Washington: The head of the Navy, Adm. Gary Roughead, has offered a pretty compelling story line in the last few months, arguing that the next decade will belong to his service as the U.S. withdraws from its land wars and is forced to rely on a steady global presence deliverable only by ship.

The Navy will grow — eventually — to 313 ships (or 325 for a while, according to Congressional Budget Office and CRS estimates) from its current fleet of 285. And no one thinks the service will downgrade its coverage of the Western Pacific, in particular, as China pumps money into its naval forces. But there is one big fat problem with all this, as became clear during a House Armed Services hearing yesterday afternoon: the current Navy is having trouble handling its current load.

“We’re not good to go right now,” Vice Adm. Kevin McCoy, head of Naval Sea Systems Command, told the HASC readiness subcommittee. And he told the committee that things may well get worse in the near term before they get better.

His colleague, Vice Adm. William Burke, deputy chief of naval operation for readiness, conceded under questioning that the last decade of high operational tempo does worry the service. The biggest concern: “potential overuse of our platforms.” Simply put, the Navy’s ships may be wearing out much more quickly than expected because they are being used much more than originally planned.

But, as almost happens with readiness questions, there were precious few details from anyone at the hearing, although at one point Rep. Randy Forbes, subcommittee chairman, seemed to indicate he had read a classified report which detailed Navy problems.

Forbes did offer a few details during the hearing:

“Only 45 percent of deployed Navy aircraft are fully combat ready,” he said.

In surface ship inspections over the last two years, the Navy found “more than 1 in 5 ships less than satisfactory or unfit for combat,” Forbes said.

In an interview this afternoon, Forbes said what really worried him was that the Navy had said it could afford its shipbuilding plan with the help of “a sharp spike” in funding between 2013 and 2015. But it now looks as if spending may dip in that period, leaving the service with fewer new ships, more older ones and even lower readiness rates.

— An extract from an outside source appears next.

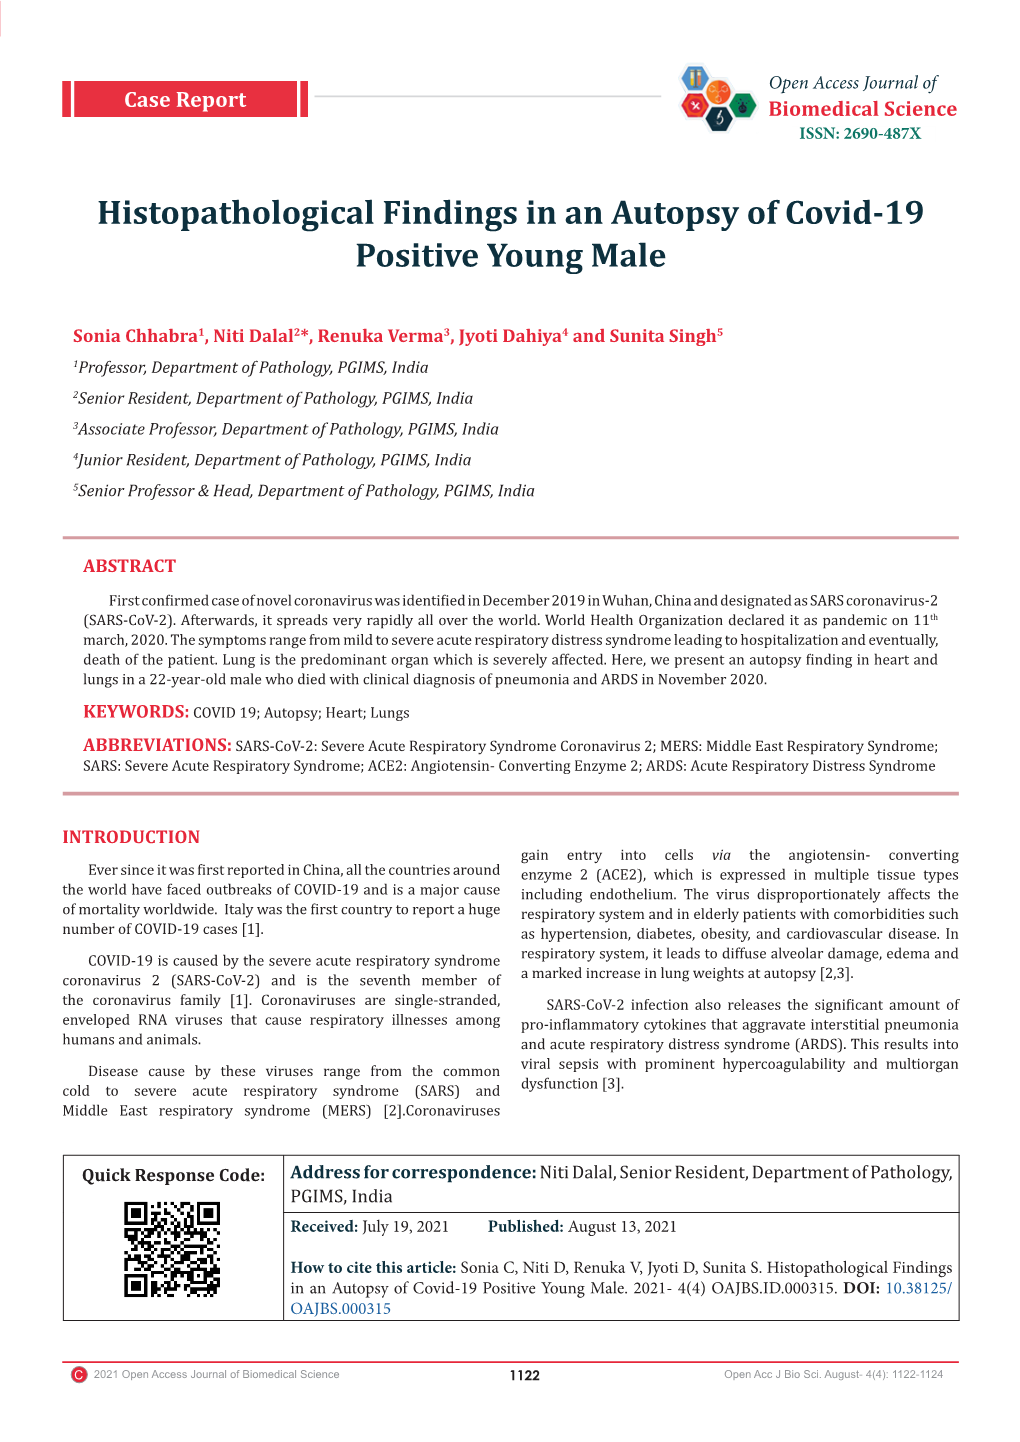 Histopathological Findings in an Autopsy of Covid-19 Positive Young Male

There was one striking moment during yesterday’s hearing that could have enormous impact on readiness rates. The admirals were asked about rumors that the Navy may push out by several years work on the next carrier and possibly drop plans to build a third new carrier. Normally, such a suggestion would bring vehement denials or at least comments to the effect that it’s pre-decisional, congressman, and we just can’t say. Instead, a “dead silence” was heard, as Forbes put it, about the fate of the carrier the Navy just announced would be named after President Kennedy. My Defense News colleague, Chris Cavas, broke the news of the possible Navy move. He said the service is “seriously considering a delay of two years before buying the most expensive ship the service needs to order, the aircraft carrier John F. Kennedy (CVN 79).”

If that silence was affirmation, this would mark one of the most significant budget decisions by the Navy in decades. But Cavas characterized the debate in the Pentagon this way: “Sources said at least one faction within the administration supports the move, which could save about $10 billion in the ship’s purchase price.

“Navy leaders, however, are said to strongly oppose that proposal, which appears – at the moment – unlikely.”

Given the general paucity of details about the readiness issues, I called Jan Van Tol, Navy expert at Washington’s respected Center for Strategic and Budgetary Assessment to see if we could winnow some out.

First off, he said that the Navy has not had to forgo “major commitments” since LPD-17, the San Antonio, was unable to deploy last year. This troubled class of ships has had more than its fair share of problems, but the San Antonio’s delays set alarm bills ringing in the Navy and on Capitol Hill.

Part of the wider Navy problem, Van Tol said, is that “ship readiness accounts are being robbed to pay other accounts.” However, it is extremely difficult to detail where the money is flowing because of the nature of operations and maintenance accounts.

One well-informed naval expert I spoke with said O and M accounts are so fluid and difficult to track in real time that serious readiness problems may arise just when money has been moved elsewhere. Has it happened lately? Who knows. At least the Navy was honest enough to admit it already faces serious readiness problems. But the longer-term issue remains: will the Navy have enough money to build ships and to maintain them or will it have to manage risk so carefully that U.S. interests suffer, especially in the Pacific.